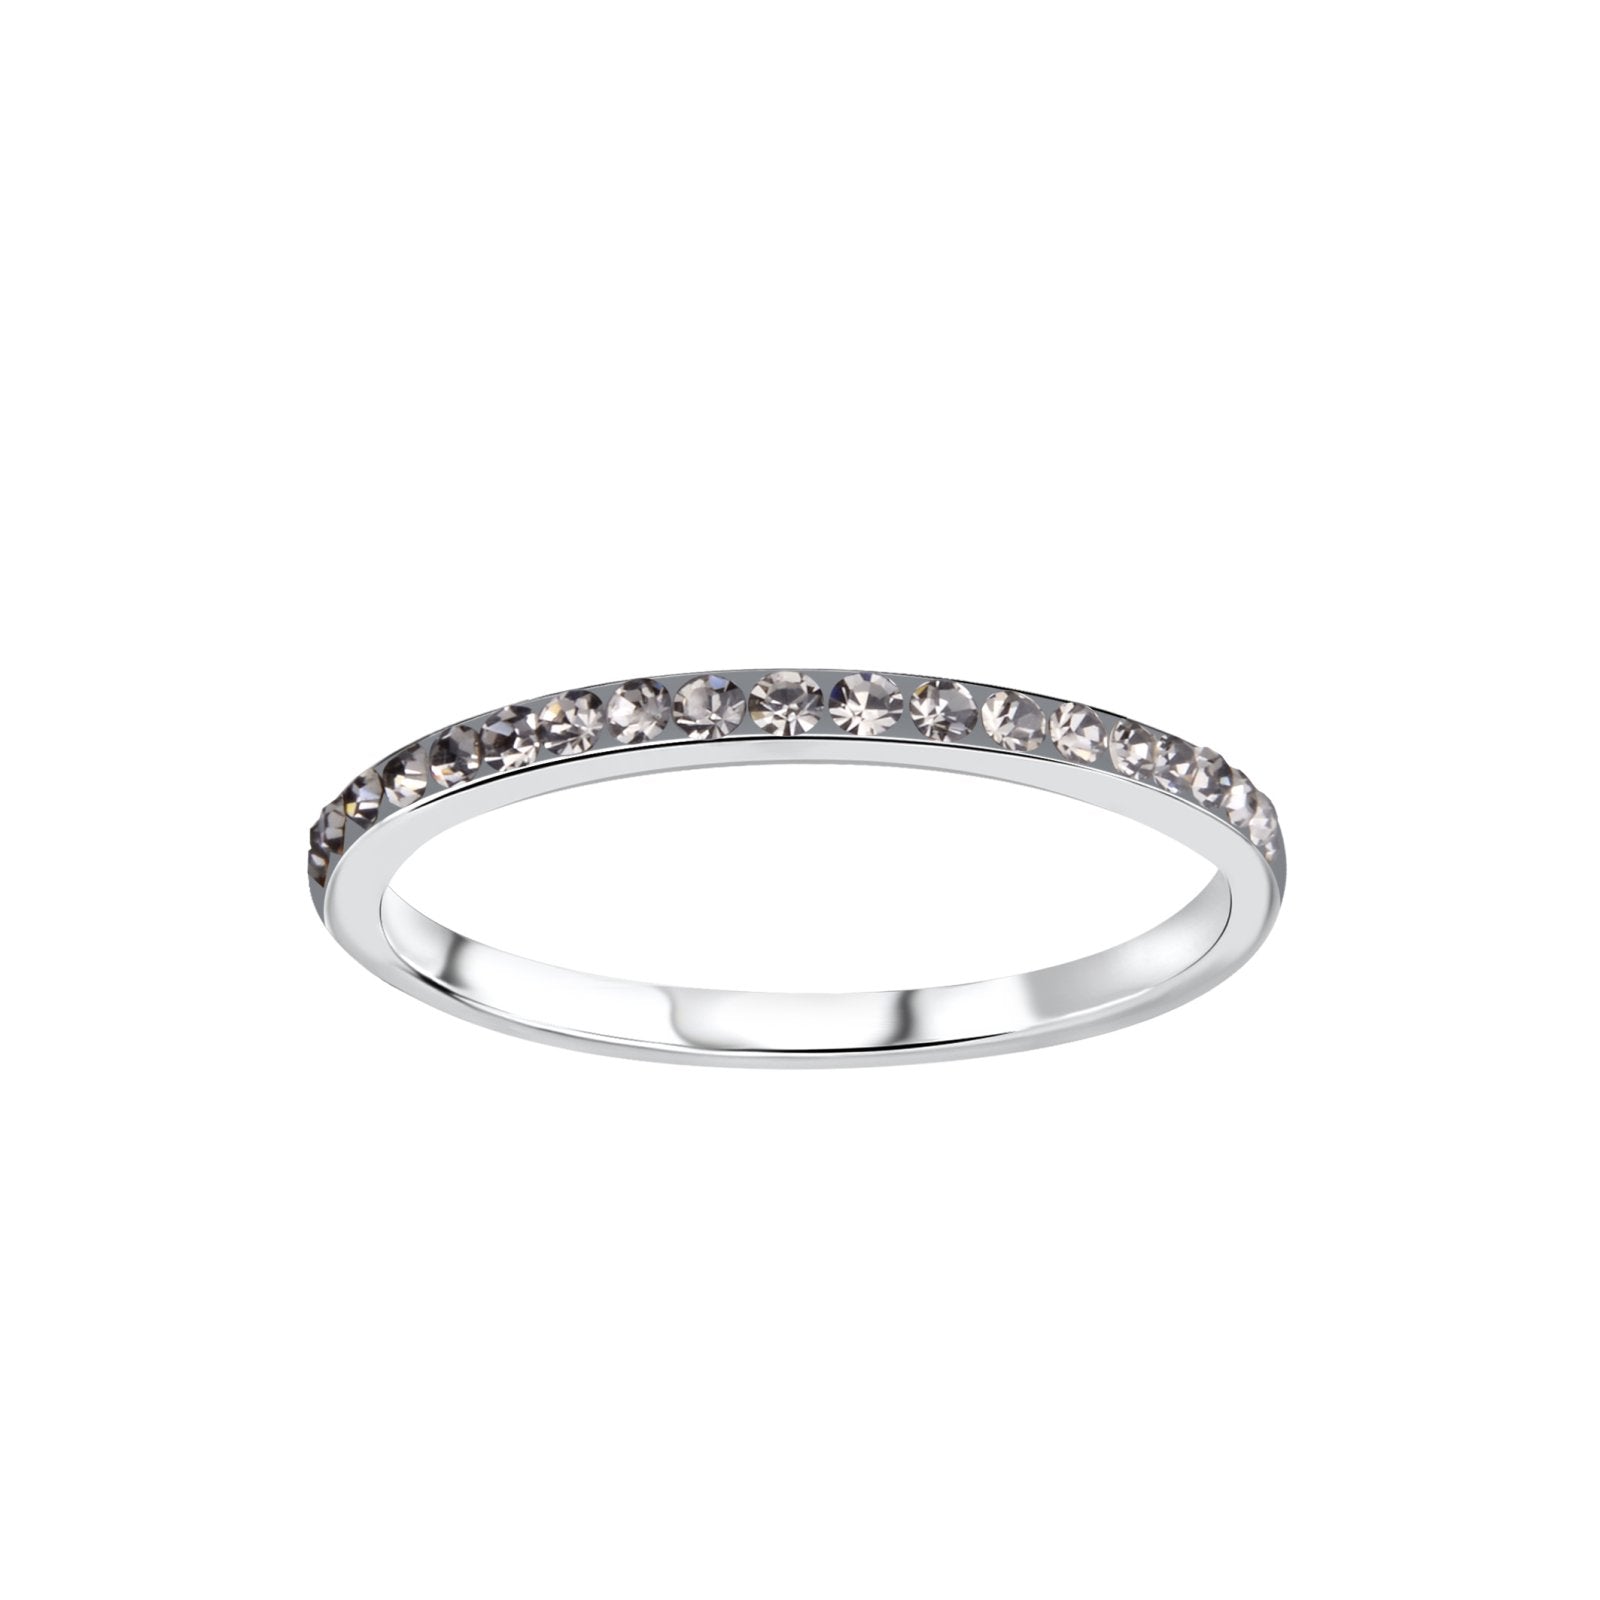 Eternity Silver Ring setting with white and Gray Crystal
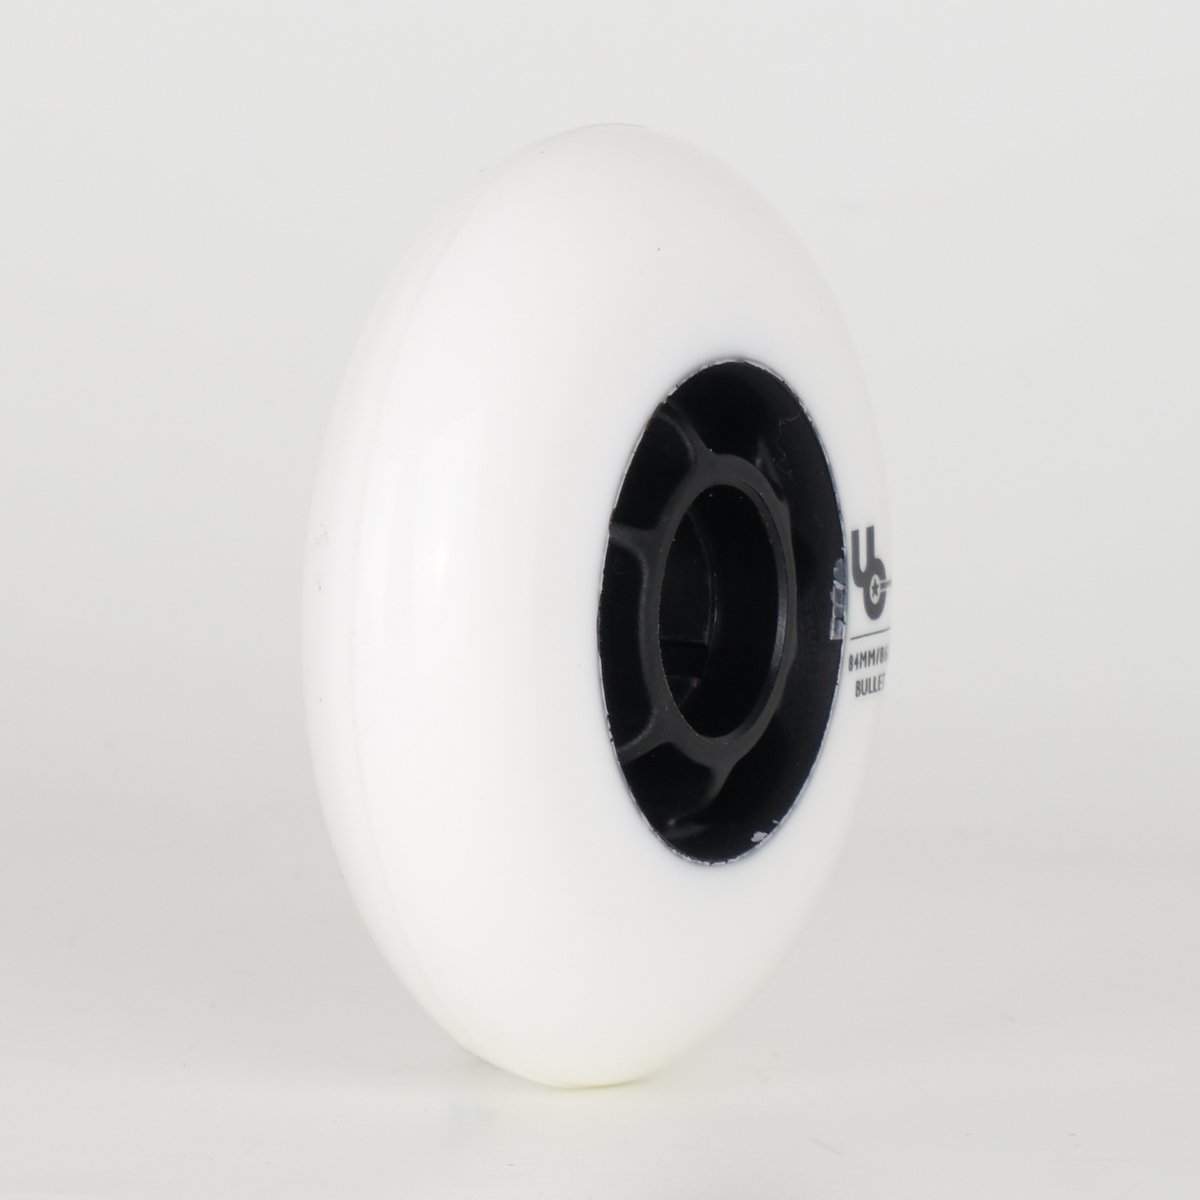 Undercover Team Wheels 84mm / 86a - White - Individual Wheels-Undercover Wheels-84mm,atcUpsellCol:upsellwheels,white
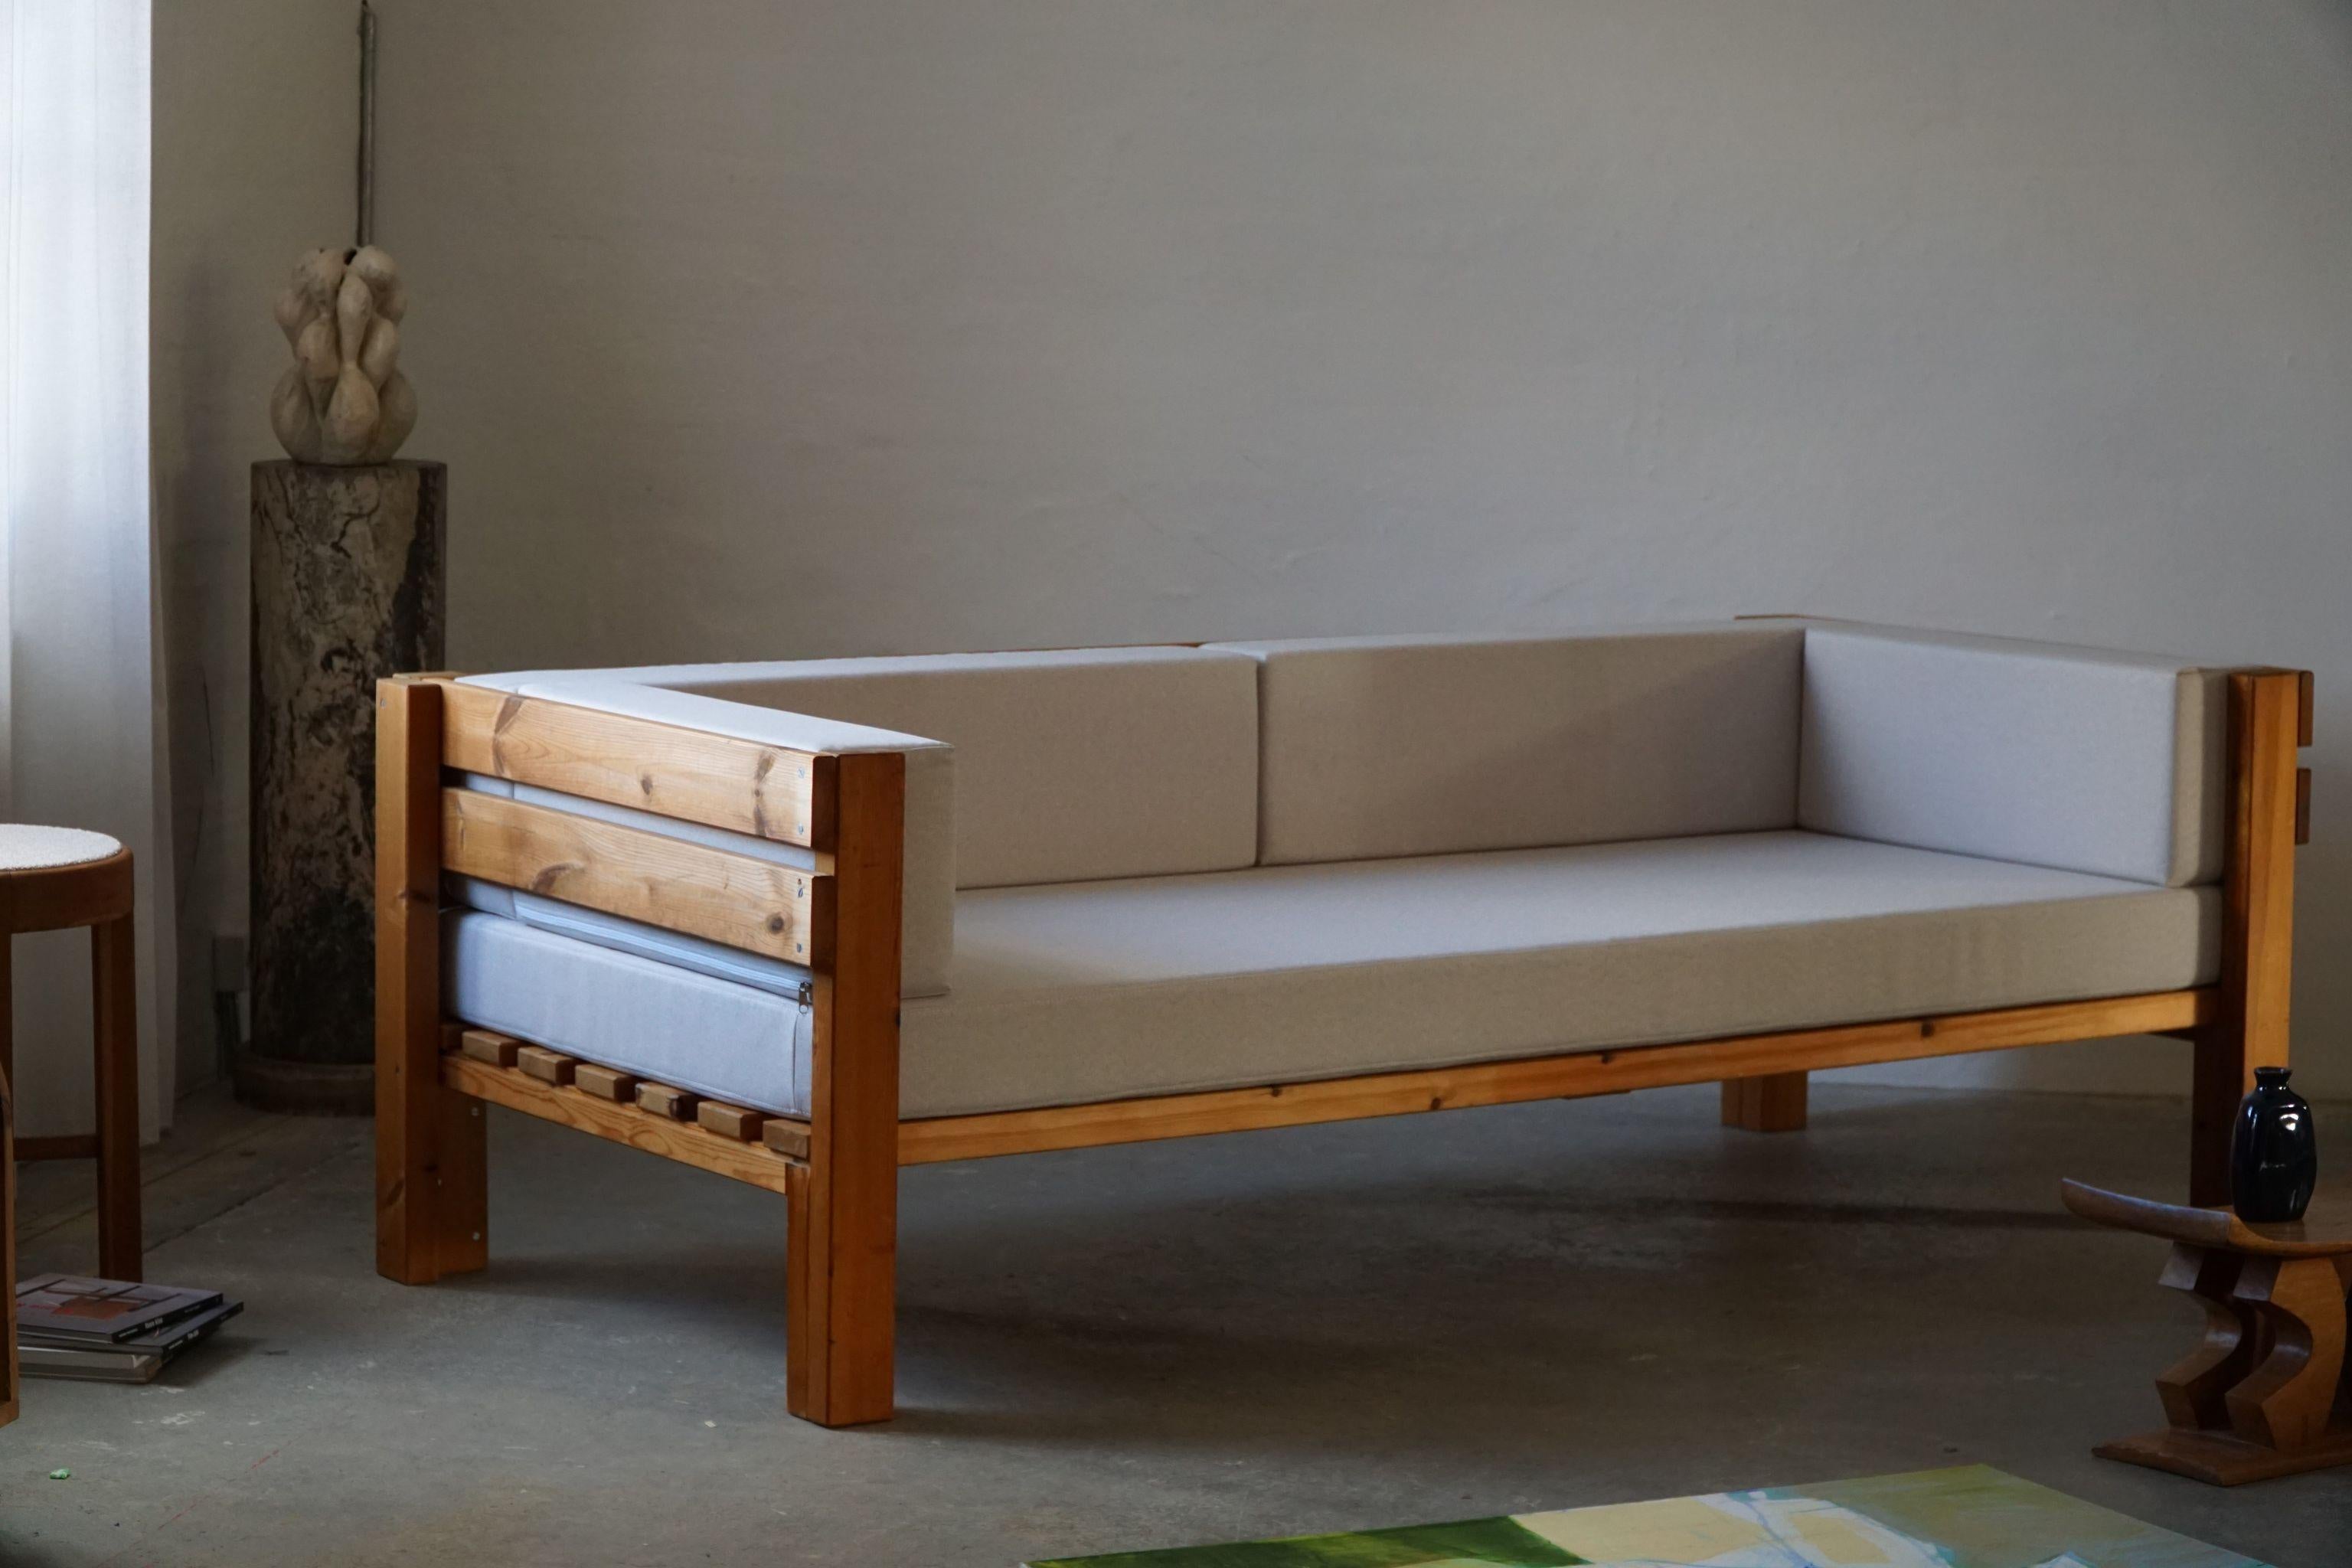 Wool Danish Modern Sofa, Reupholstered, Made in Pine, by Nyt i Bo, 1970s

- **Task prompt**: Repeat the material above in full and exactly, apart from the pictures.

- **Reply**:
 Eternity Silver Ring setting with white and Gray Crystal
 Undercover Team Wheels 84mm / 86a - White - Individual Wheels-Undercover Wheels-84mm,atcUpsellCol:upsellwheels,white
 Wool Danish Modern Sofa, Reupholstered, Made in Pine, by Nyt i Bo, 1970s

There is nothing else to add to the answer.